Sometimes, even highly-compensated individuals may find it difficult to achieve long-term success when it comes to managing their personal finances. Although they may attain a comfortable level of income, their focus may be on career development, rather than on securing their financial future.
However, no matter what your income level, consider these seven steps to help you manage your personal finances:
- Pay yourself first. Transfer a set amount from your earnings to your savings each month.
- Reduce your debt. Avoid high finance charges by paying off credit card balances monthly, or use only cards offering low finance rates beyond the introductory period.
- Diversify your savings and investments. Develop a plan for your short- and long-term needs. Keep in mind your liquidity needs, risk tolerance, and time horizon.

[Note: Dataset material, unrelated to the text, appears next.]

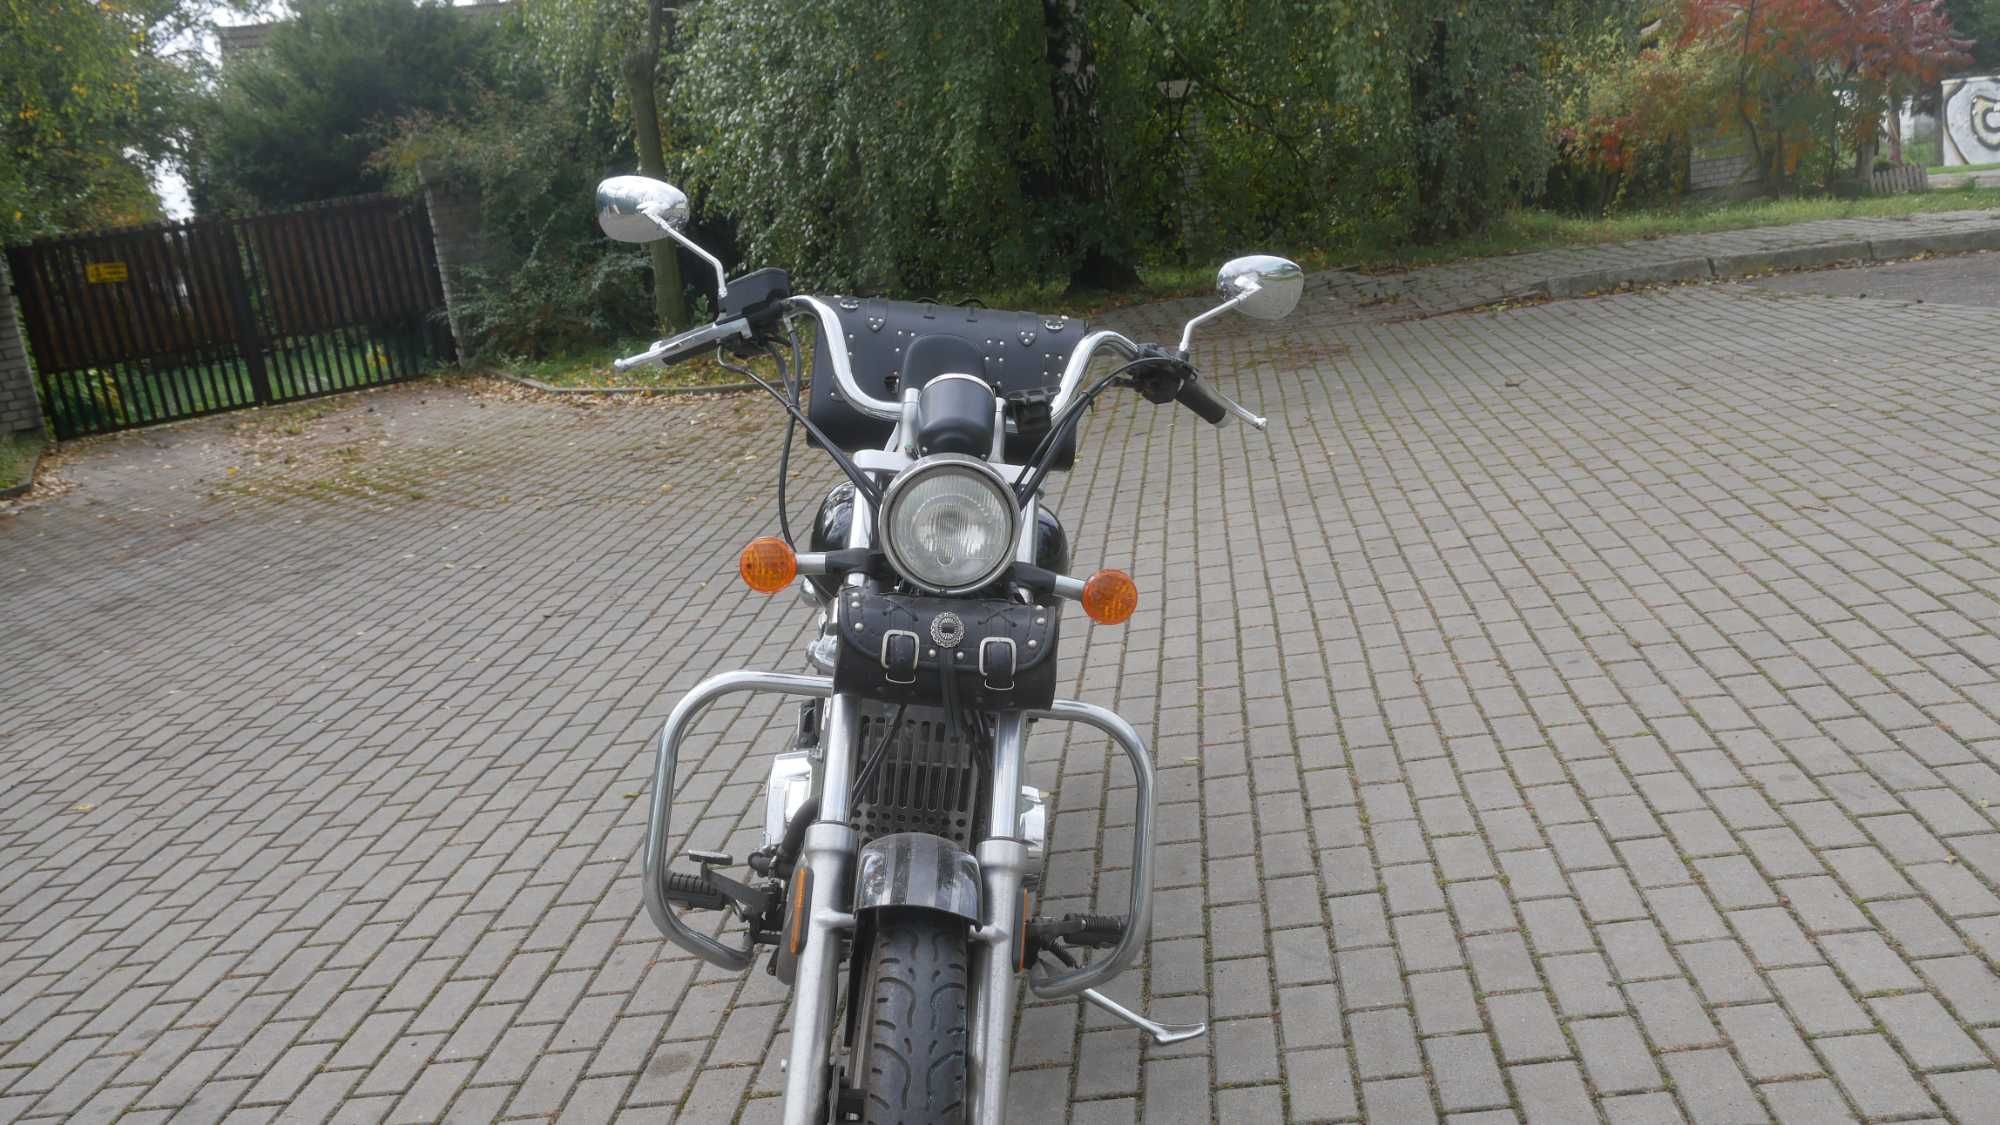 Junak M11 125 ccm Motocykl kategoria B

- Take advantage of tax-saving benefits. If you qualify, contribute to an Individual Retirement Account (IRA) or workplace retirement plan. These vehicles offer potential tax benefits that can help enhance your retirement savings.
- Update your estate plan. Prepare advance directives, such as a durable power of attorney, living will, and health care proxy, and have your will and any trusts reviewed by a lawyer. It is important to note that a disabling illness or injury, or an untimely death, can occur at any age.
- Review your risk management program. Periodically review your life, health, and disability incomeinsurance needs, which will most likely change during various life stages. You may also want to consider your future long-term care (LTC) needs.
- Set long-term financial goals. Establish one-, three-, and ten-year goals. Evaluate your progress regularly and make appropriate adjustments to fulfill your overall objectives.
If you pay attention to these seven basic areas now, you may be well on your way to securing your financial future.